**Source material:**
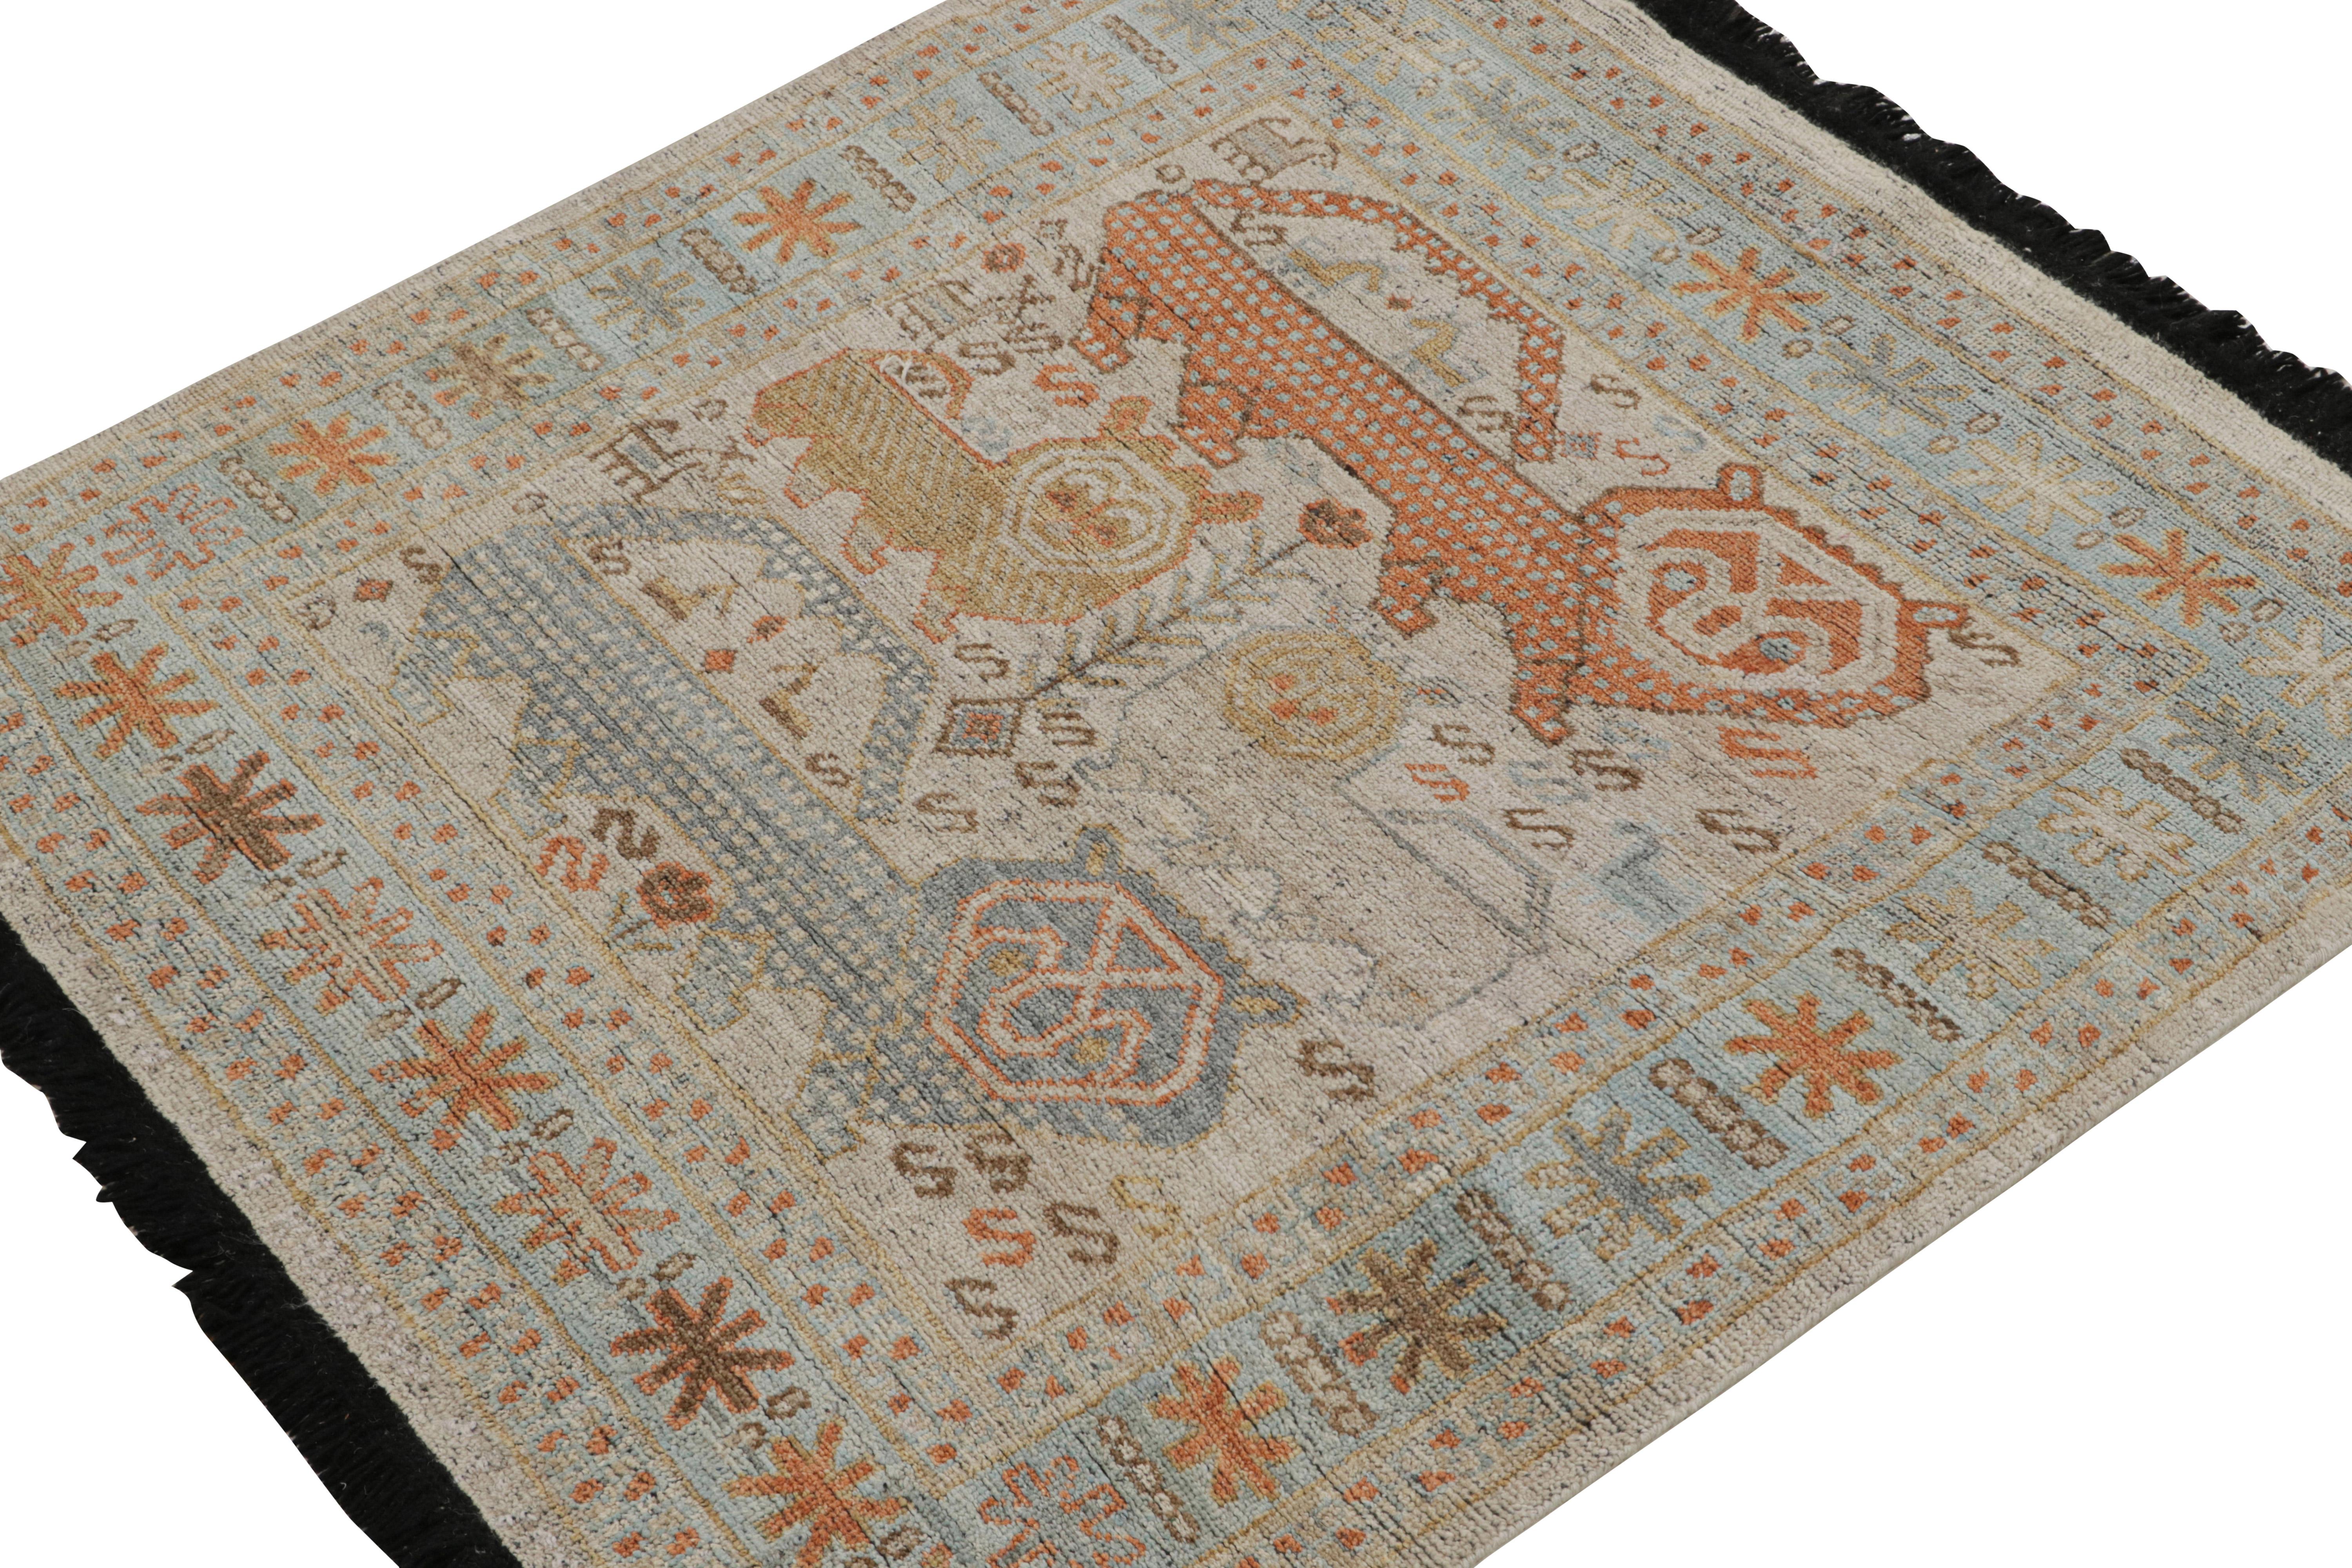 Ce tapis 4x4 est un nouvel ajout à la Collection Sally de Rug & Kilim. Noué à la main en laine, son design explore l'esthétique des tapis tribaux caucasiens dans une qualité moderne et rafraîchissante.

Sur le Design : 

Le dessin s'inspire de

**How to complete this task:**
The expected answer is the data retyped exactly, without pictures.

**Result of the task:**
 Ce tapis 4x4 est un nouvel ajout à la Collection Sally de Rug & Kilim. Noué à la main en laine, son design explore l'esthétique des tapis tribaux caucasiens dans une qualité moderne et rafraîchissante.

Sur le Design : 

Le dessin s'inspire de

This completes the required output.